◆ Work request
A full, word-for-word copy of the listing below is needed; leave the images out of it.

◆ Data excerpt
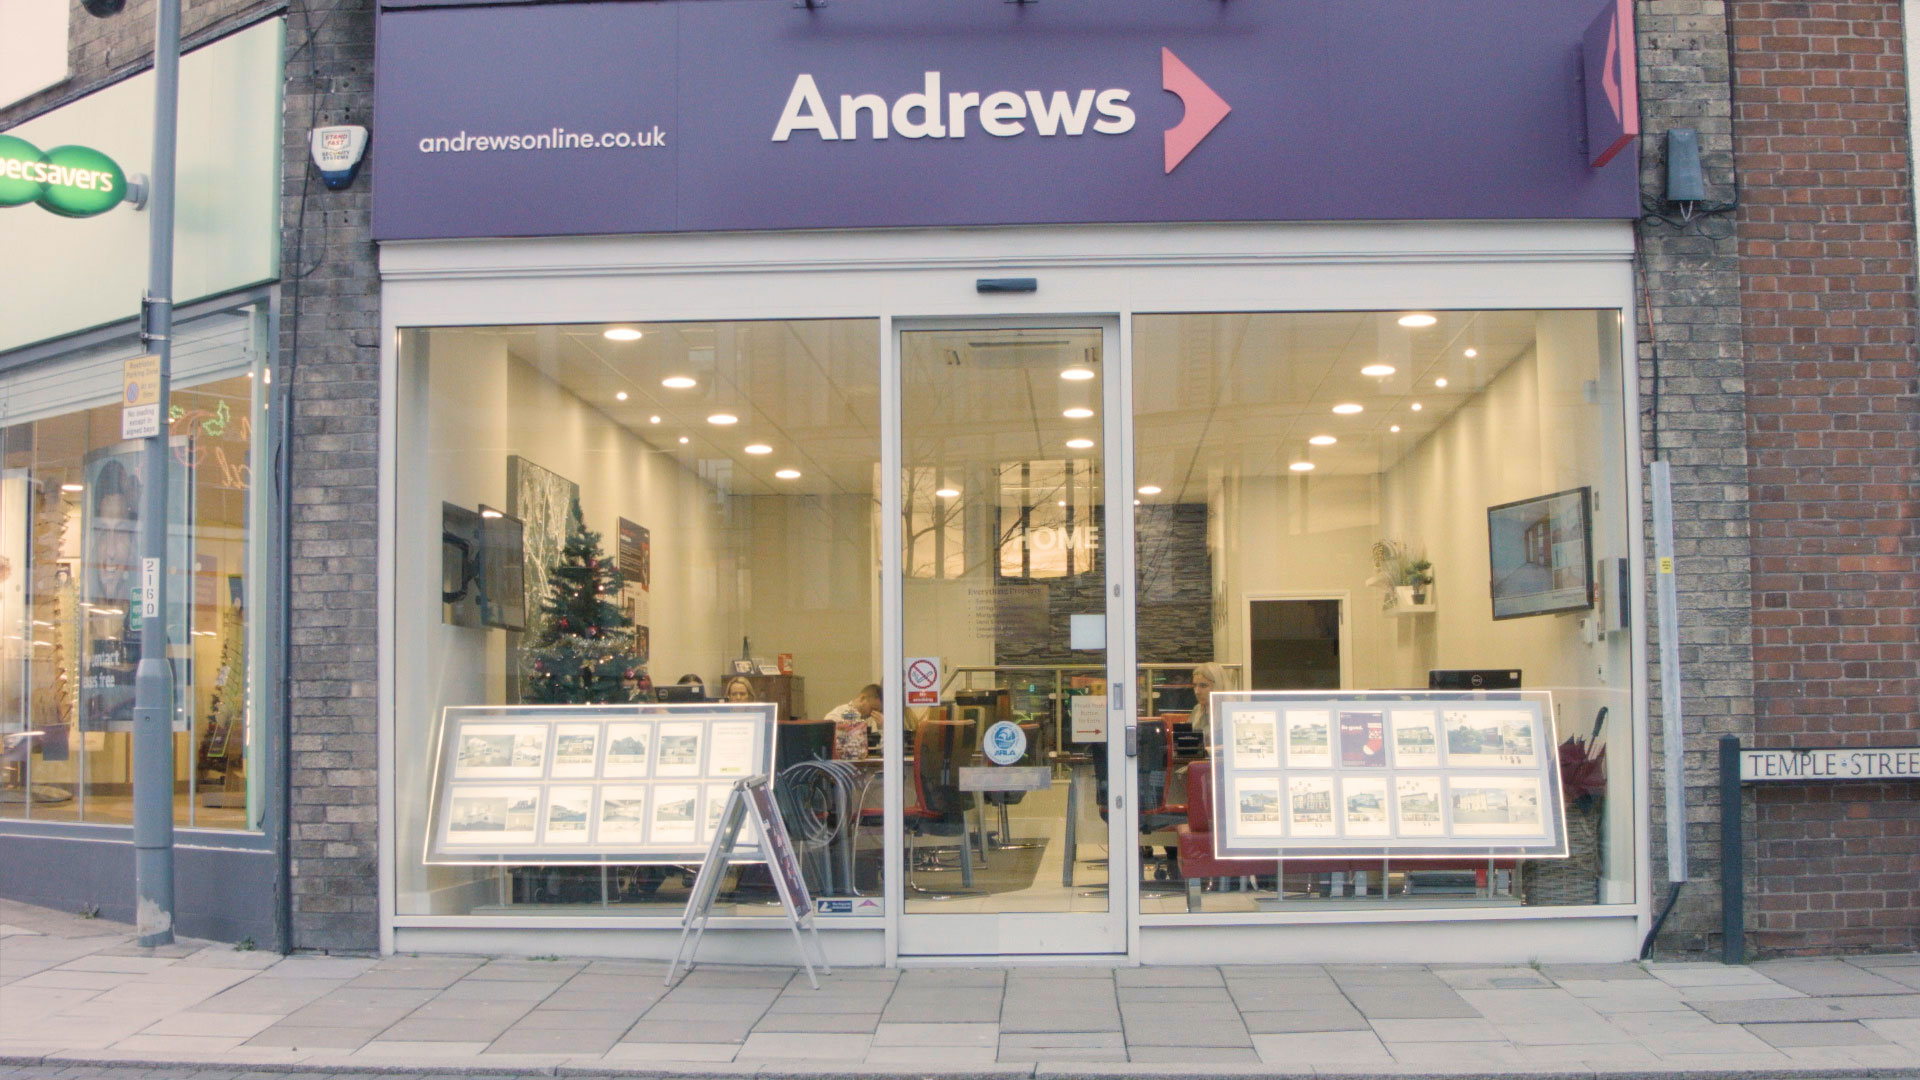 Andrews shop front
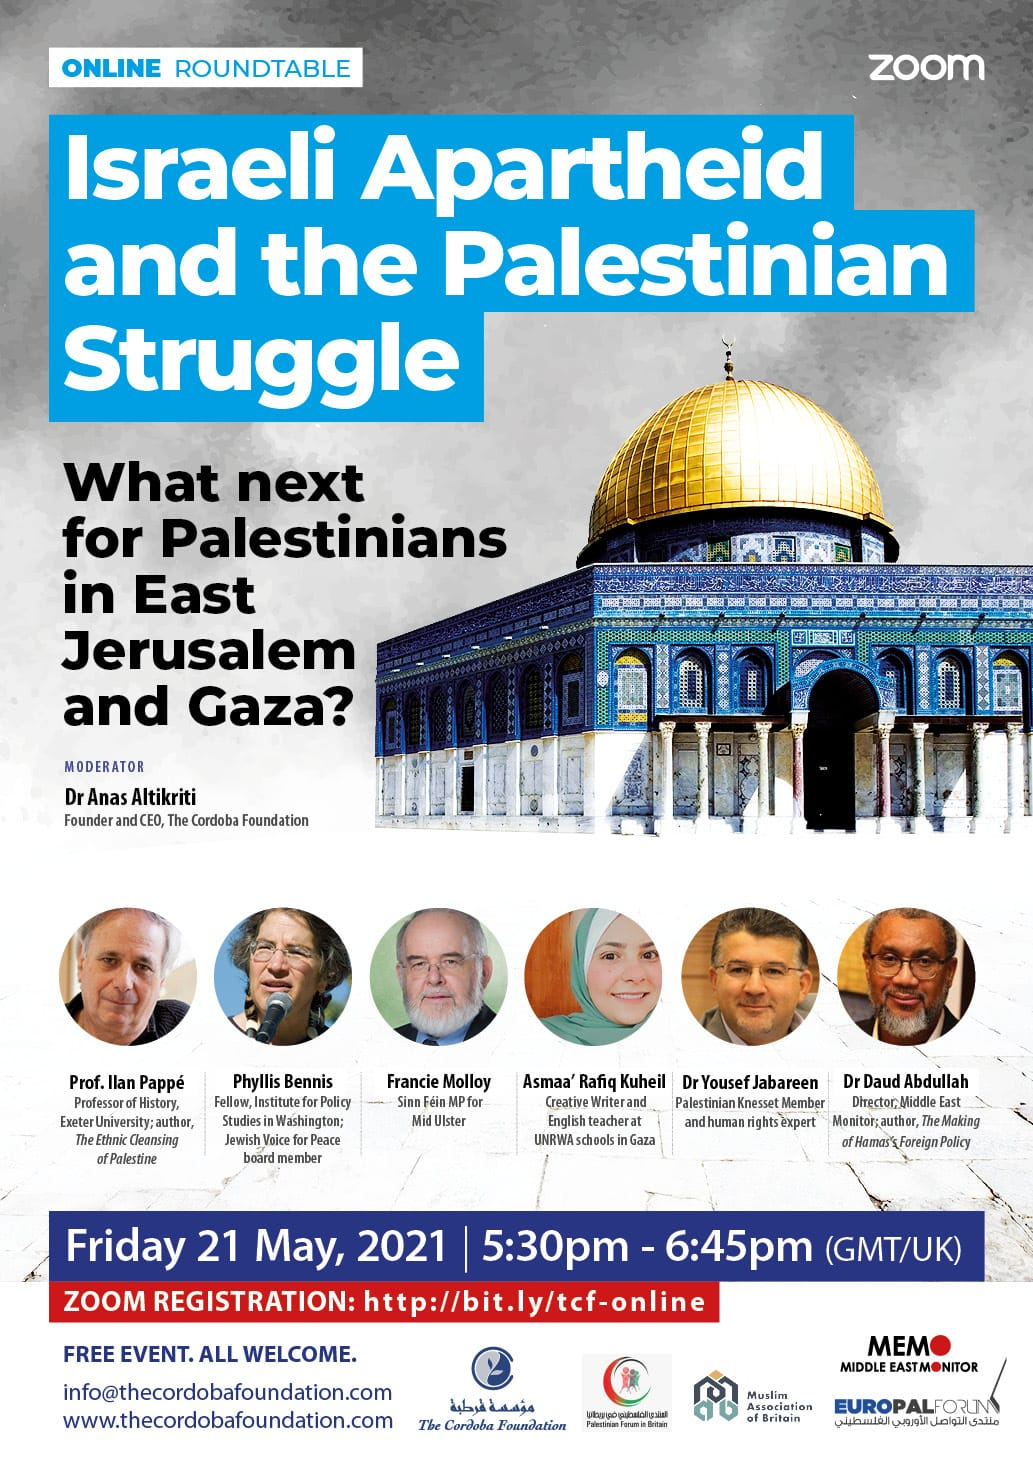 Israeli Apartheid and the Palestinian Struggle
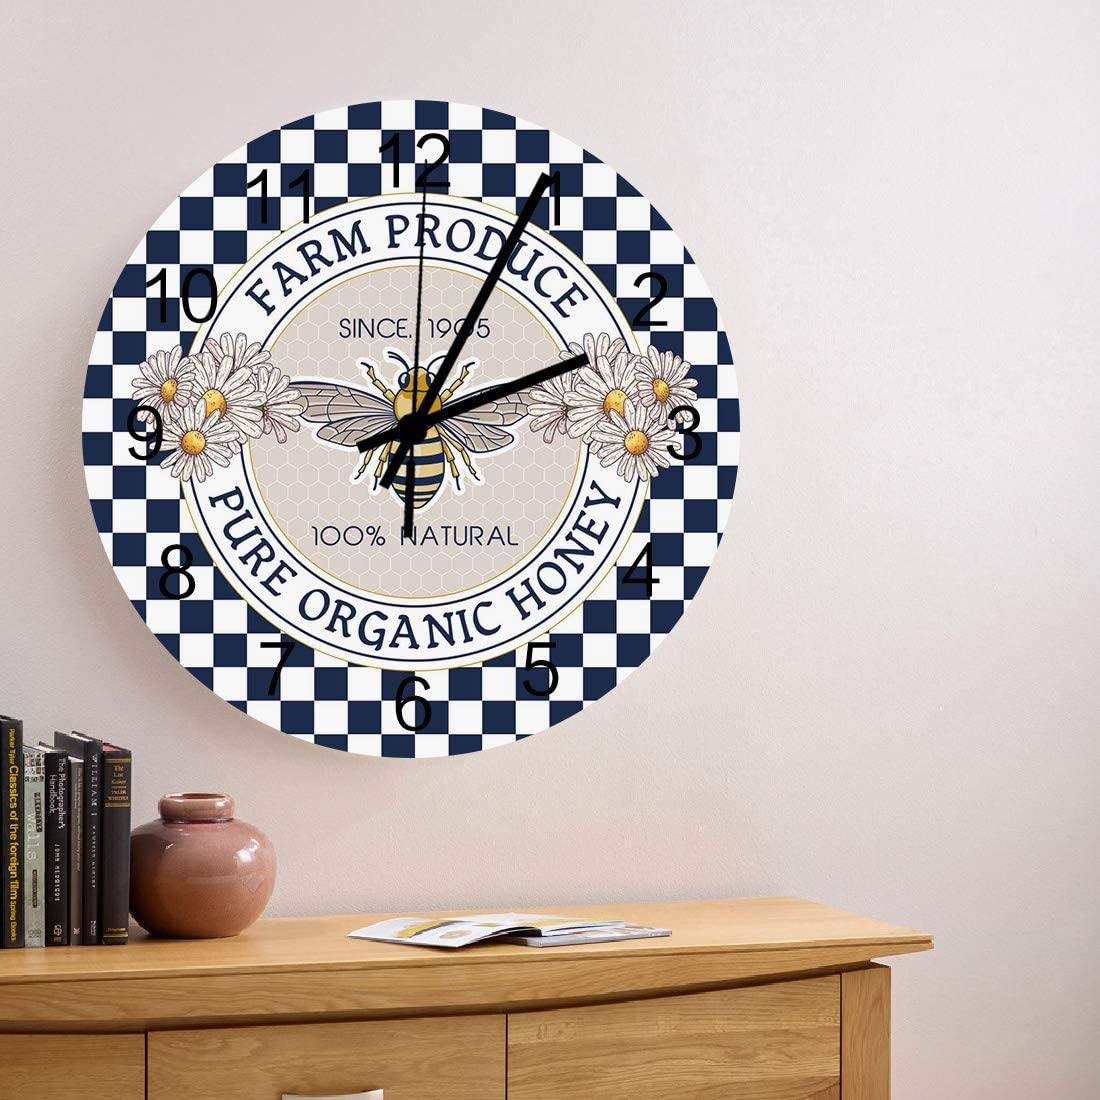 Virginia Beach Mall MuswannaA 5 popular 12 Inch Silent Non-Ticking Clock Wooden Wall Round Whi

◆ Finished exercise
 Andrews shop front
 Israeli Apartheid and the Palestinian Struggle
 Virginia Beach Mall MuswannaA 5 popular 12 Inch Silent Non-Ticking Clock Wooden Wall Round Whi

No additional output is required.